Mr. Cohen said he also was working on deals with an unnamed department store chain and catalog companies like J. Crew and Land's End to buy products to be made in the Maryland plants.

Company's demands

The company also demanded that the union drop a pending arbitration over the importing of raincoats. The union contends that a contract provision limiting imports to 500,000 a year is being violated. The company maintains that the clause refers only to its London Fog brand of raincoats, which are not imported.

In total, the company spent about $250,000 during three months to develop the proposal, which included consultant fees, trips to the Far East to study manufacturing methods and making sample products.

"It's a lot of money to spend if you just want to close a factory and you have the power to do it," Mr. Cohen said.

Mr. Papale said the union had been willing to drop the arbitration if the work guarantee was extended to three years. Or, he said, the union was willing to put the arbitration on hold until the end of the contract, when it could be reactivated if the two sides haven't resolved their differences.

Both of these options were rejected by Mr. Cohen, who said the company already stands to forego $7 million to $8 million in profits by keeping the plants open through October 1995.

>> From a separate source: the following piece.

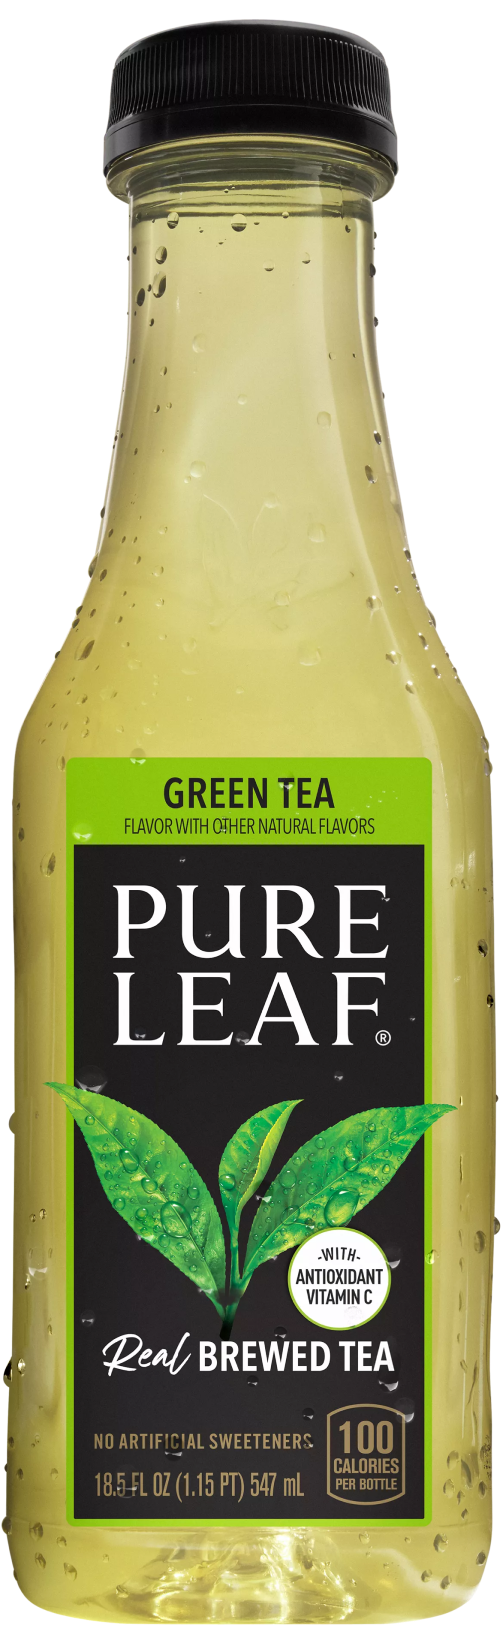 Pure Leaf Iced Tea, Sweetened Variety Pack, 18.5 fl oz. bottles (12 Pa –  Pete's Grocery & Gourmet

"You're asking me to give up my fiscal responsibility and sensitivity and commit not to waste $7 million or $8 million, but you want me to commit to waste at least $21 million," Mr. Cohen said. "Come on, if I ever did that, somebody should take me out and shoot me."

Mr. Papale, however, defended the union position.

"What happens in October 1995 and they say, 'You did a great job, see you later,' " Mr. Papale said. "I'm looking for job security of some kind for our people and just taking it to the end [of the contract] is just not going to make it."

"He's offended," Mr. Papale said. "He's already shut down three factories. I didn't. The proof is in the pudding."